What to work on ->
Of the lines in the material below, print only those from the one containing "9. mynd. Fjöldi" to the one containing "Briefing milano web", ends included, exactly as written and without pictures.

Material shown ->
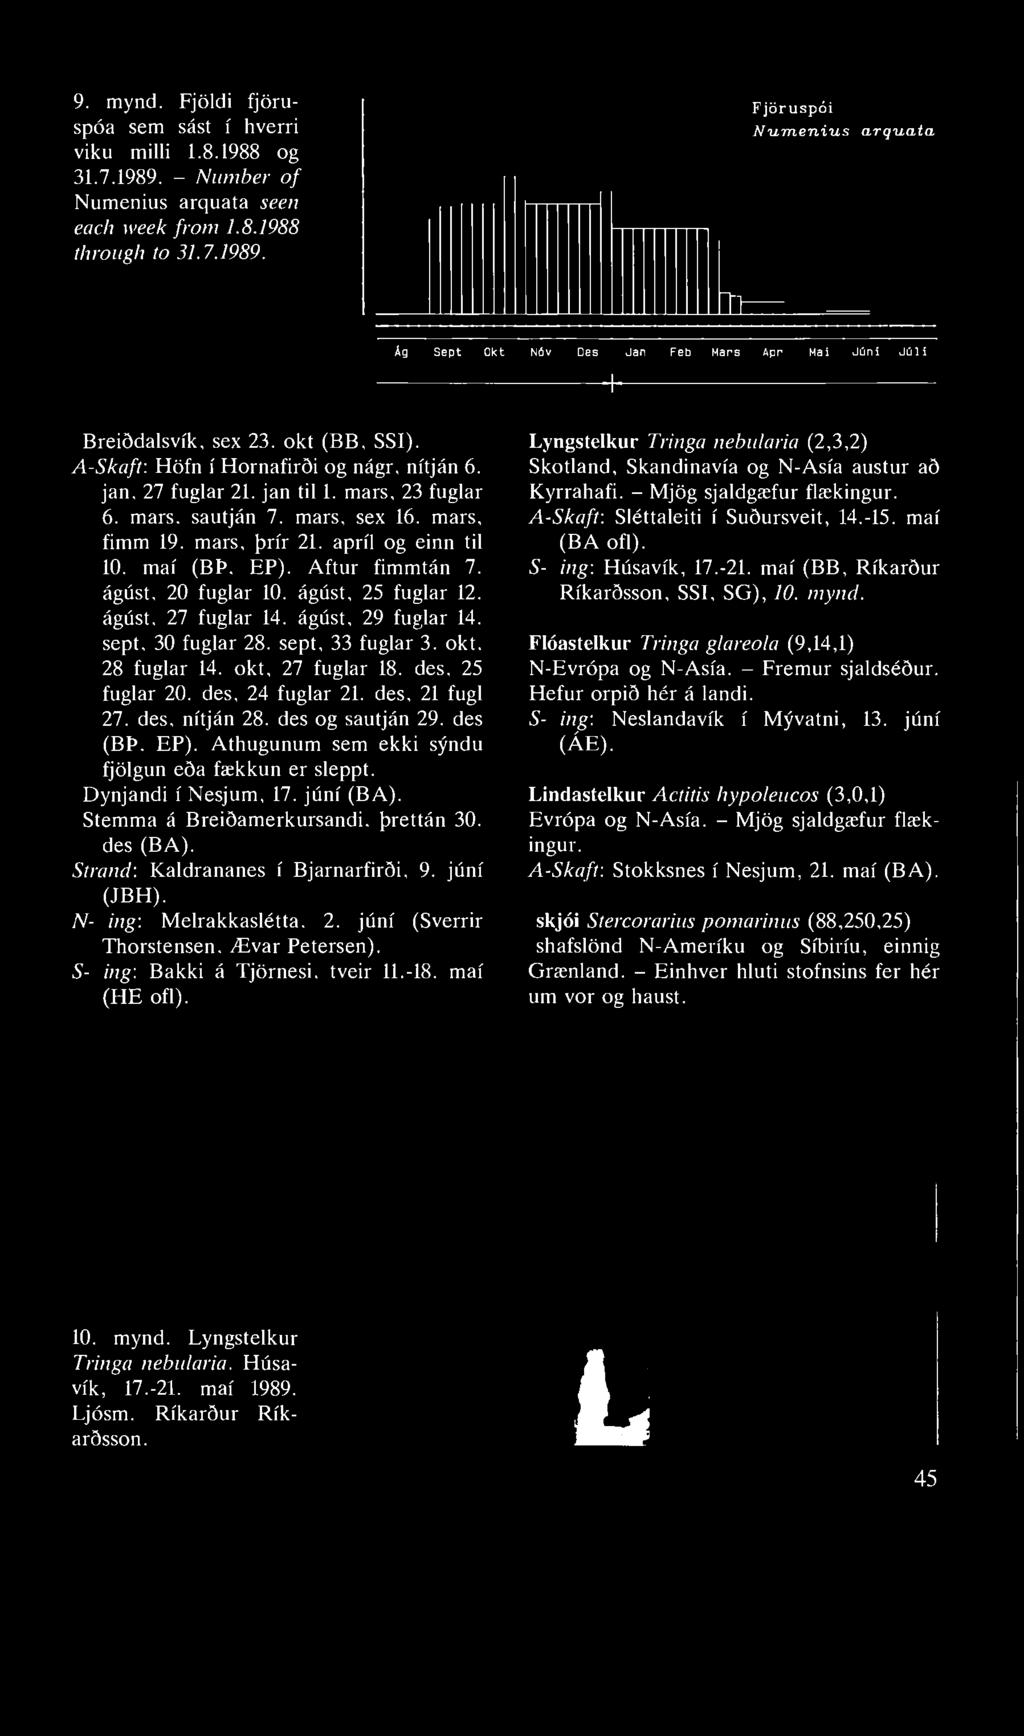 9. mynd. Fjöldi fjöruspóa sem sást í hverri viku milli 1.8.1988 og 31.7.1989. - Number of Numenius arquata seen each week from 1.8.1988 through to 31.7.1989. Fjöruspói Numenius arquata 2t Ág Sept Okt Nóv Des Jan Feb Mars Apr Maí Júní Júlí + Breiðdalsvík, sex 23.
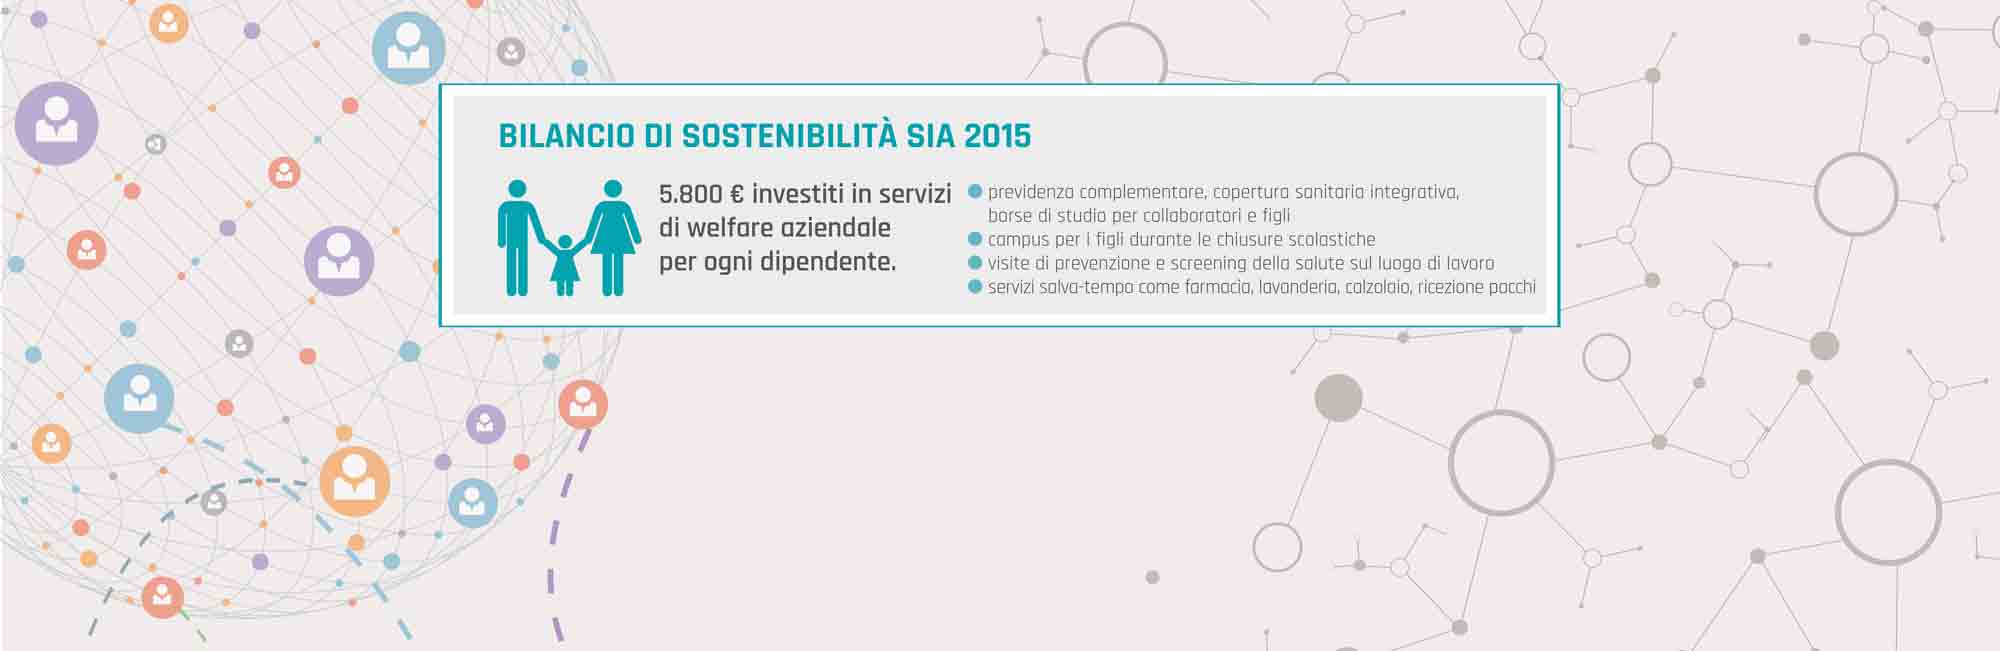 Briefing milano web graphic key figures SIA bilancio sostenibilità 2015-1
--
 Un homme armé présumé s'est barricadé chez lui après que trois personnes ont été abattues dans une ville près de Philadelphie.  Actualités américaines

Task output ->
 9. mynd. Fjöldi fjöruspóa sem sást í hverri viku milli 1.8.1988 og 31.7.1989. - Number of Numenius arquata seen each week from 1.8.1988 through to 31.7.1989. Fjöruspói Numenius arquata 2t Ág Sept Okt Nóv Des Jan Feb Mars Apr Maí Júní Júlí + Breiðdalsvík, sex 23.
 Briefing milano web graphic key figures SIA bilancio sostenibilità 2015-1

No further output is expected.